I don’t understand this idea that you need to be constantly validated by those around you. It’s such a foreign concept to me. I do not understand what, if anything, it could possibly add to my life. Maybe I’m broken in the sense that I grew up lesbian in a world where that’s not something that comes with validation. No one will ever bounce homosexuality back at you as a positive. You come to terms with it on your own and you find pride in it on your own. But even if I had grown up straight I don’t think I’d understand. I am who I am. There is no validation that will in any way enrich my identity. It just doesn’t work that way. My identity is mine, it’s my own little world that will be affected by those around me, but ultimately it will always stand on its own two legs. Because I am not who others see me as, I am me. Even when others aren’t around me I still exist. I’m not a self-fulfilling prophecy, I am an independent person. Everything around that is superfluous. Sure it has an effect. But it’s still not synonymous. Validation does not make identity or in any way fortify it.

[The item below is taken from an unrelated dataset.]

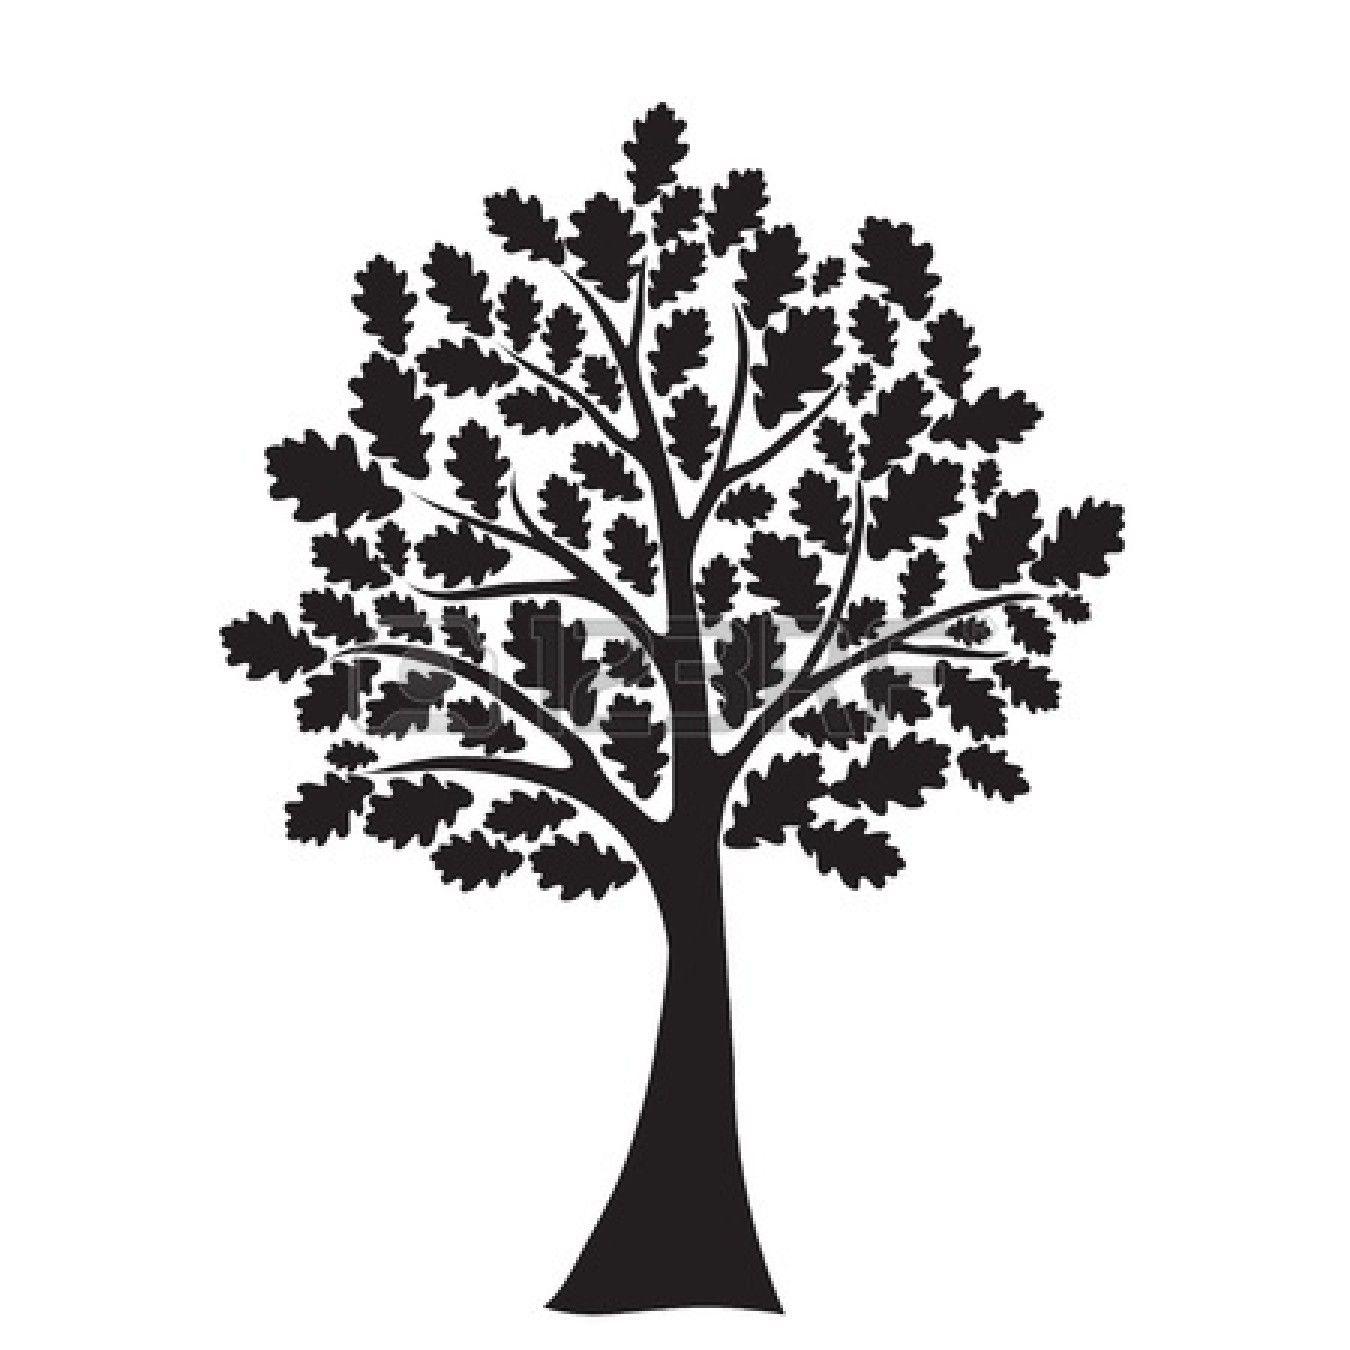 Картинки по запросу vector graphics tree free.

I do want to be appreciated, though. I think that’s a human need, to some extent. To be appreciate and to feel like you make a difference. But I’ve never wanted to be appreciated for who I am, I want to be appreciated for what I do. And maybe that’s why I do not understand validation especially as it appears in gender theory currently. Because validation seems to be the one current running through most of that ideology, based on the static self of the individual and not on the individual’s actions and/or behaviour. It’s a dead sort of validation of your body as an object and not of you as an agent with a will. I don’t know, to me that feels fundamentally wrong. I am flesh, but flesh is nothing, there’s nothing to validate, it’s just a physical reality. But to receive appreciation for the actions you perform with this lump of bio matter on the other hand — that’s, that feels good. And not just good, it feels empowering.
I don’t know, I just feel like actions should speak louder than matter. I feel we should be more than objects. Judged on and appreciated for our actions, as opposed to the abstract validation of a sense of self.